Grassfed Beef is high in good fats or unsaturated fats and low in saturated fats.  Compare an unsaturated fat to Olive oil and a saturated fat to lard.  The olive oil “melts” away from the meat a lot quicker, especially when cooked quickly and on a high heat.  On the other hand, the lard “sticks” takes time to melt and can take the high heat a little better and longer.  This in simple terms is why you want to cook grass fed meat slower and on a low heat.  The last thing you want is a dry piece of beef to eat.  Most people want a juicy steak.  In order to get that juicy steak, it is better to:

  1. Do not thaw meat in the microwave. 
  2. Cook meat at a low temperature for a longer time period.
  3. Enjoy

This may take better planning, but it is worth it in the end to have a healthy product you aren’t afraid to feed your family.

Tami’s Grassfed Beef Winter Stew

2 lbs. Tami’s Grassfed Beef Stew Meat
1 large yellow onion
1 large green pepper
1 large red pepper
4 large red potatoes
2 cans stewed tomatoes
1 can stewed tomatoes, Mexican style
½ tsp. cumin
Kosher salt
Black pepper
1 Tablespoon minced garlic

Brown the stew meat in Dutch Oven while you’re slicing all the vegetables.  Once the meat is browned add the vegetables, tomatoes, and seasonings to taste.  If needed add some water.  Put into the oven on 275.  Cook for 1 to 3 hours depending on the size of your vegetables.  Stir periodically and check for moisture.  If needed add water and additional seasonings to taste.

Sirloin Steak Fajitas

2 packages Tami’s Grassfed Beef Sirloin Steaks
2 Tbs. minced Garlic
2 Tbs. Extra Virgin Olive Oil
1 tsp. ground cumin
1 large yellow onion, sliced
Salt and Pepper to taste

Grated Cheddar Cheese
Sliced lettuce of choice
Sour Cream
Guacamole
Salsa
Corn or white tortillas

Coat Dutch Oven with Olive Oil, brown sirloin steaks; add sliced onion, garlic, cumin, salt and pepper.  Put in the oven on 275 for 1 to 2 hours, stirring occasionally.  When done to desired tenderness, take out and eat with tortillas, cheese and additional toppings.

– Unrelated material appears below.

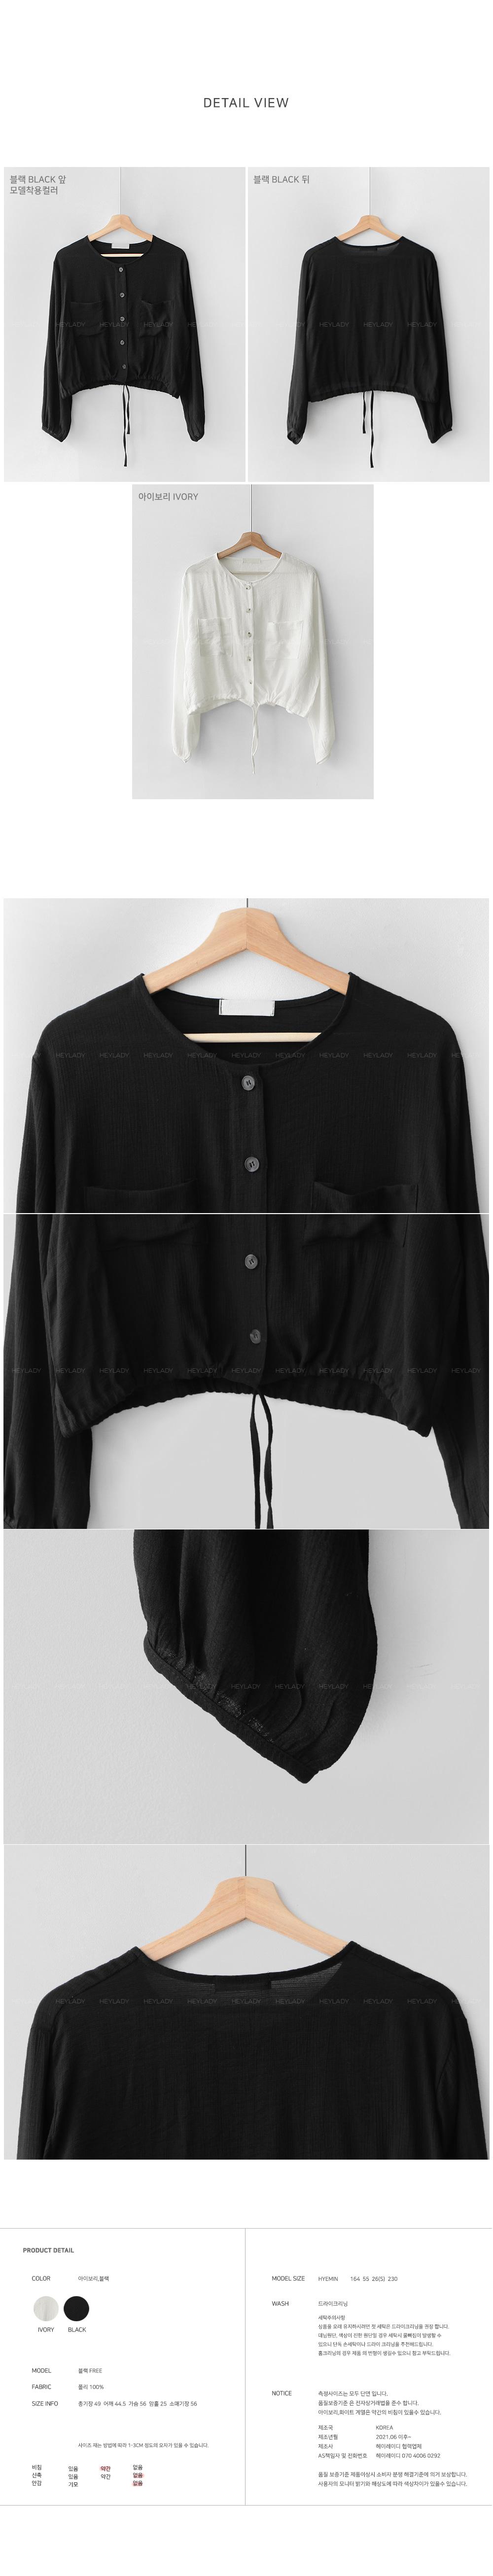 Tonya string blouse

Tami’s Grassfed Beef Oxtail Appetizer

2 Packages of Tami’s Grassfed Beef Tail
Barbeques sauce of your choosing
Salt and Pepper to taste

Put beef tail in Dutch Oven and cover with barbeque sauce.  Break it apart if necessary along the vertebrae.  Cook on 275 for 2 hours.  The tail should break apart and you can eat them like chicken wings.

Flank Steak Italiano

2 1/2 lbs. round steak
2/3 cups prepared Italian style salad dressing
4 oz. bleu cheese, crumbled
3 Tbs. butter, softened
3 green onions including tops, finely sliced

Trim steak and pierce both sides with a fork. Place in a shallow glass pan and cover with dressing. Cover and refrigerate 5 hours or over night. Combine cheese, butter and onions; set aside. Line broiler pan with foil. Place meat on foil and broil 4 - 5 minutes on each side or till done as desired. Remove and spread with cheese mixture on platter and slice diagonally into 2" slices.